= Casino War =

Casino table game

Casino War is a proprietary casino table game based on the game of War. It is distributed by Shuffle Master, a division of Scientific Games.

==Game play==
The game is normally played with six standard 52 card decks. The cards are ranked in the same way that cards in poker games are ranked, with aces being the highest cards.

One card each is dealt to a dealer and to a player. If the player's card is higher, they win the wager they bet. However, if the dealer's card is higher, the player loses their bet.

A tie occurs when the dealer and the player each have cards of the same rank. In a tie situation, the player has two options:

- The player can surrender, in which case the player loses half the bet.
- The player can go to war, in which case the player must double their stake.

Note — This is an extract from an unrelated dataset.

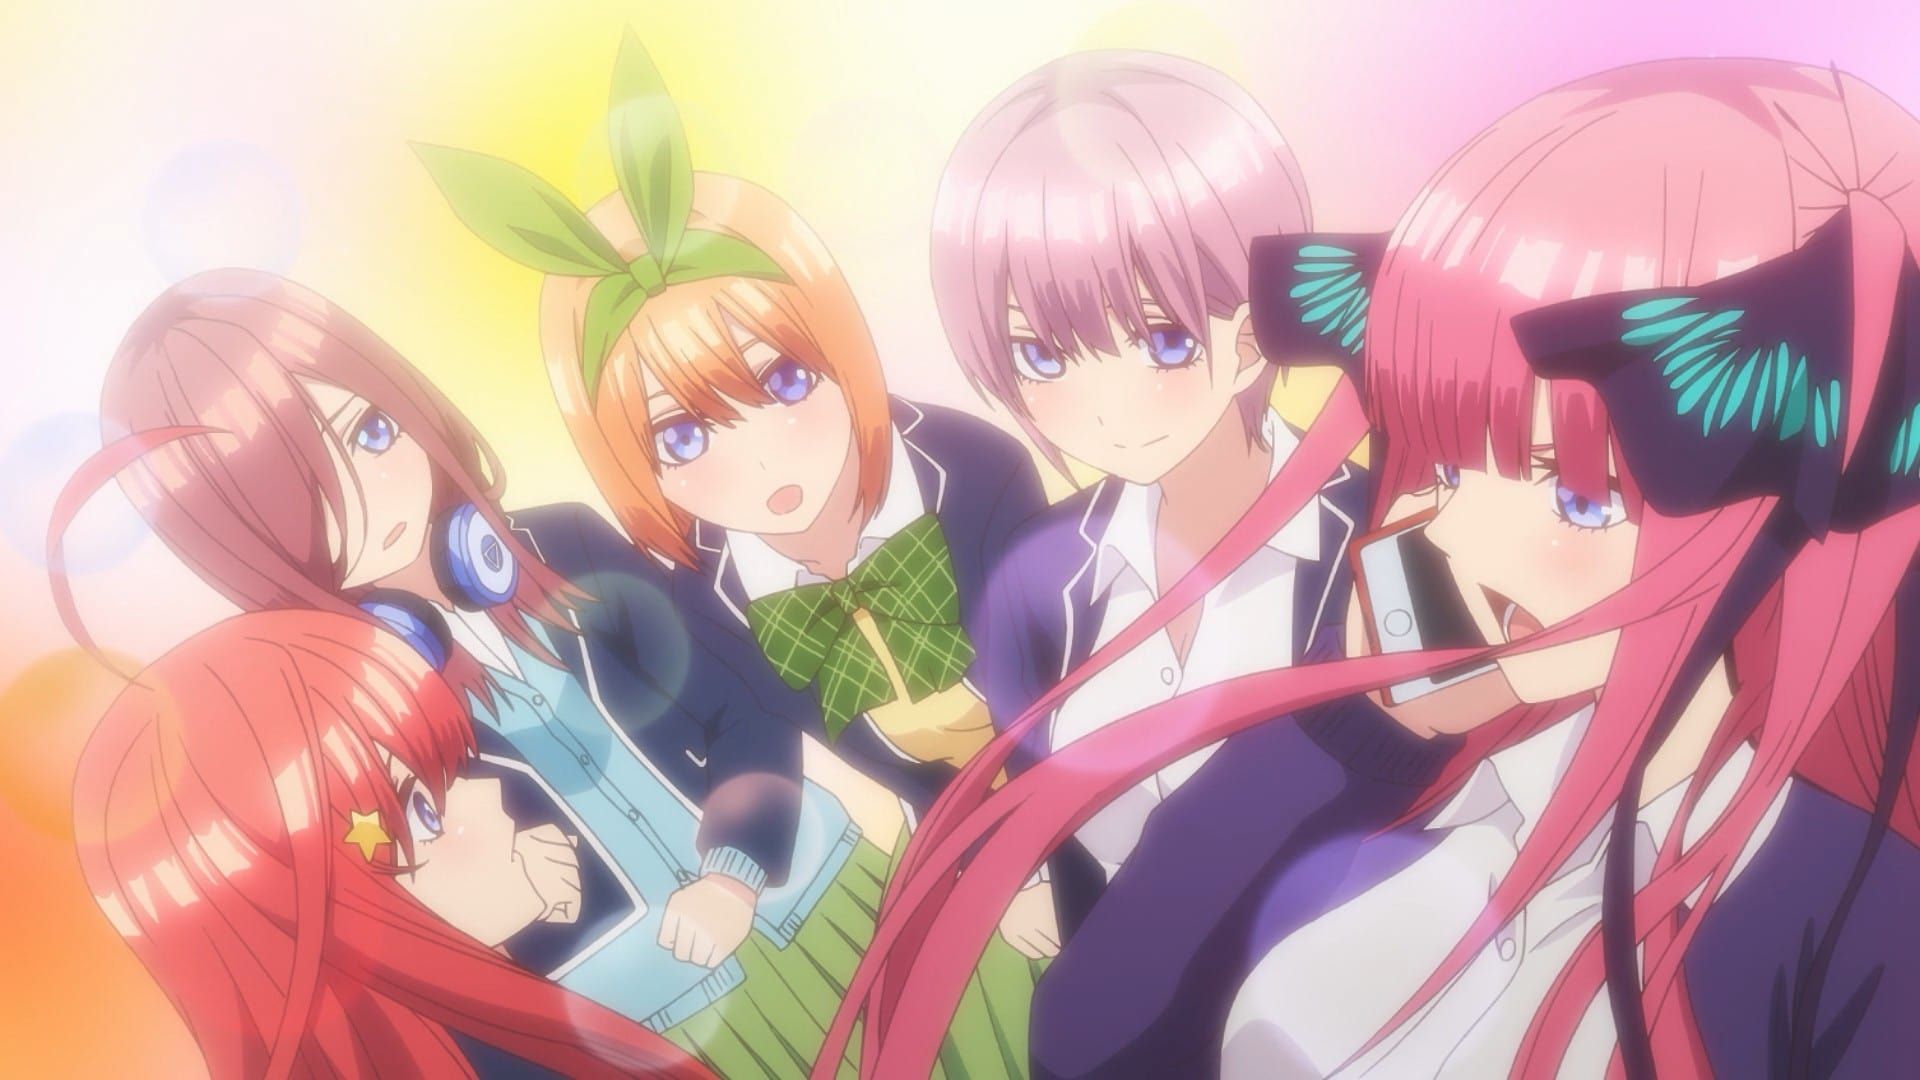 The Quintessential Quintuplets background
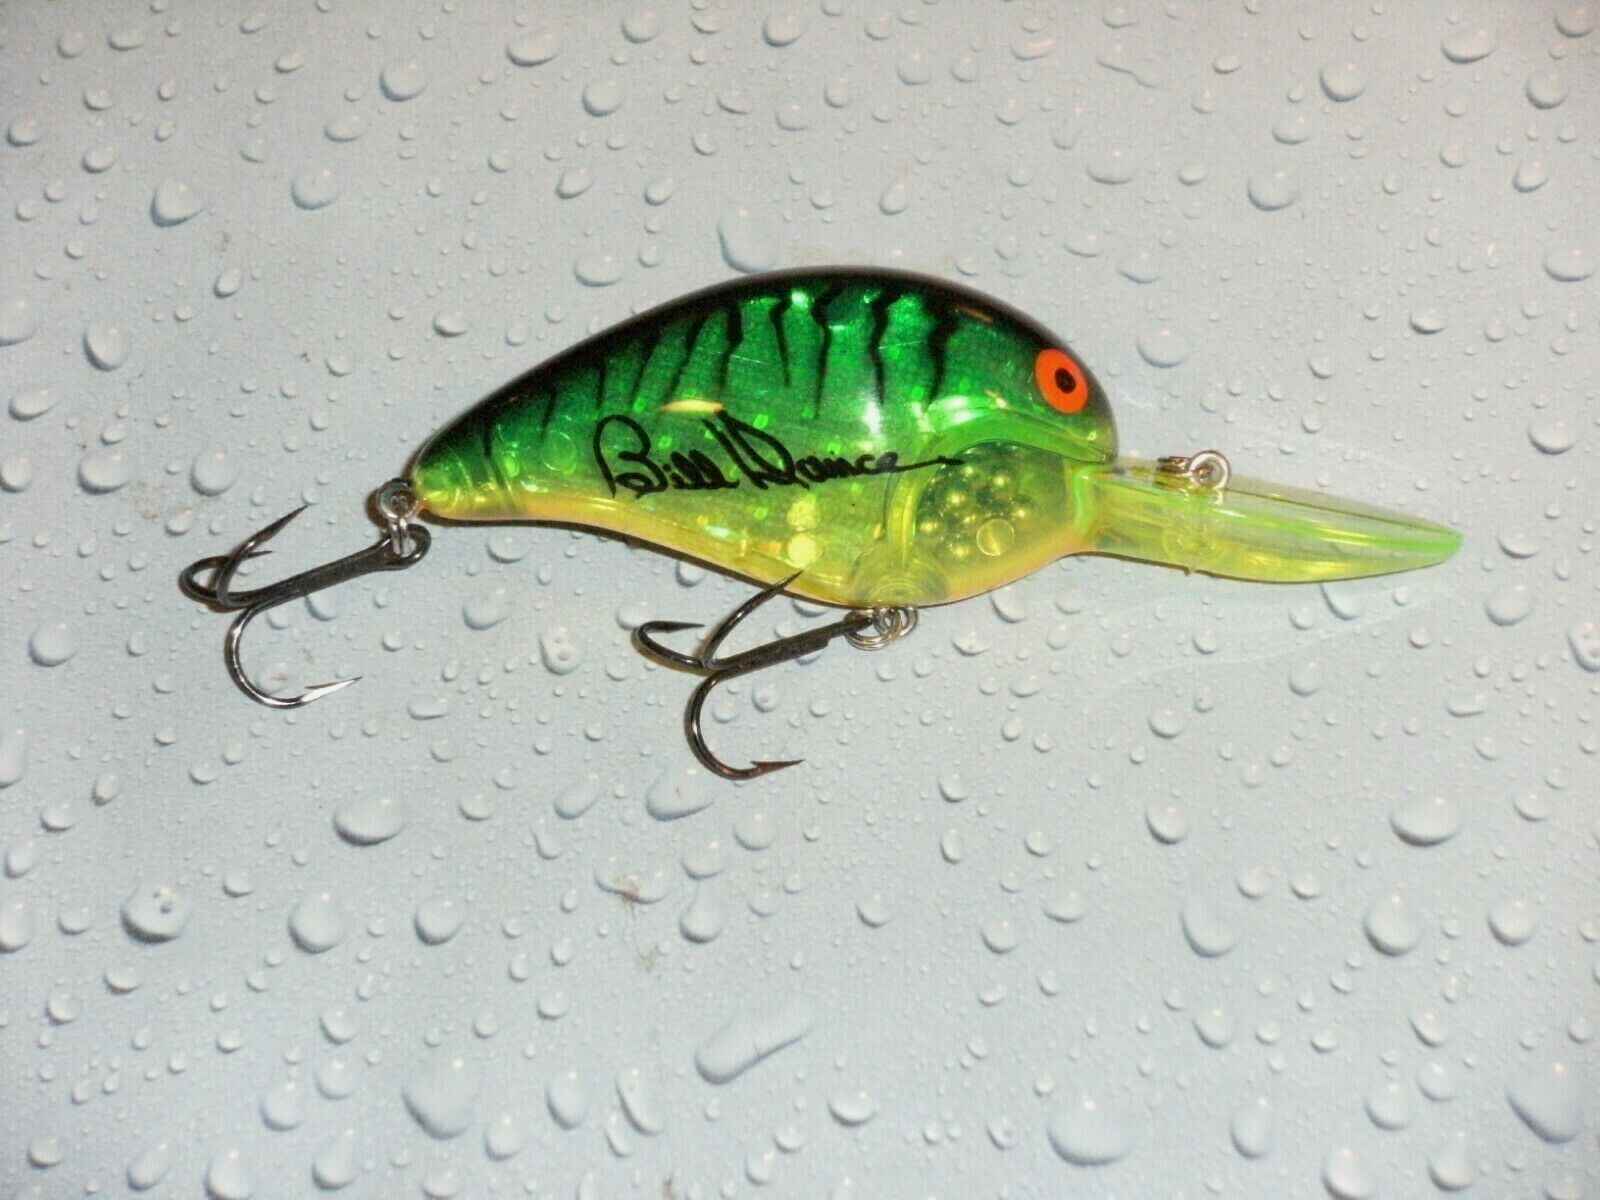 OLD REBEL V 10-15 CRANKBAIT LURE WITH G FINISH NIP HAS PAINT LOSS ON 1 SIDE

If the player continues play in view of a tie, the dealer burns (discards) three cards before dealing each of them an additional card. If the player's card is ranked higher than the dealer's, then the player wins the amount of their original wager only. If the dealer's card is ranked higher than the player's, the player loses their (doubled) wager. If the ranks are equal, then the player wins the amount of their doubled wager.

A side bet is offered by which a player can bet on ties. If the player bets on the tie, and their card matches the dealer's, then the player wins 10 to 1 to their original wager on the tie bet.

==Strategy and house advantage==
Surrendering has a slightly higher advantage for the house in the case that a bonus payout is offered, so based on the expected value probabilities a player should never surrender.

The dealer and the player each have a 46.3% chance of winning on the first card (in a standard game with 6 decks), so this seems like an even money game. The house advantage, however, comes from what happens in the case of a tie.

The house advantage increases with the number of decks in play and decreases in casinos who offer a bonus payout. The house advantage for this game is usually over 2%.

==History==
The game was developed by Bet Technology, a small company based in Carson City, Nevada. The patent on the game was filed in 1993. By 1994, the game was offered at five Northern Nevada casinos, beginning with Harrah's Tahoe.

In 2004, Shuffle Master acquired most of Bet Technology's assets, including Casino War.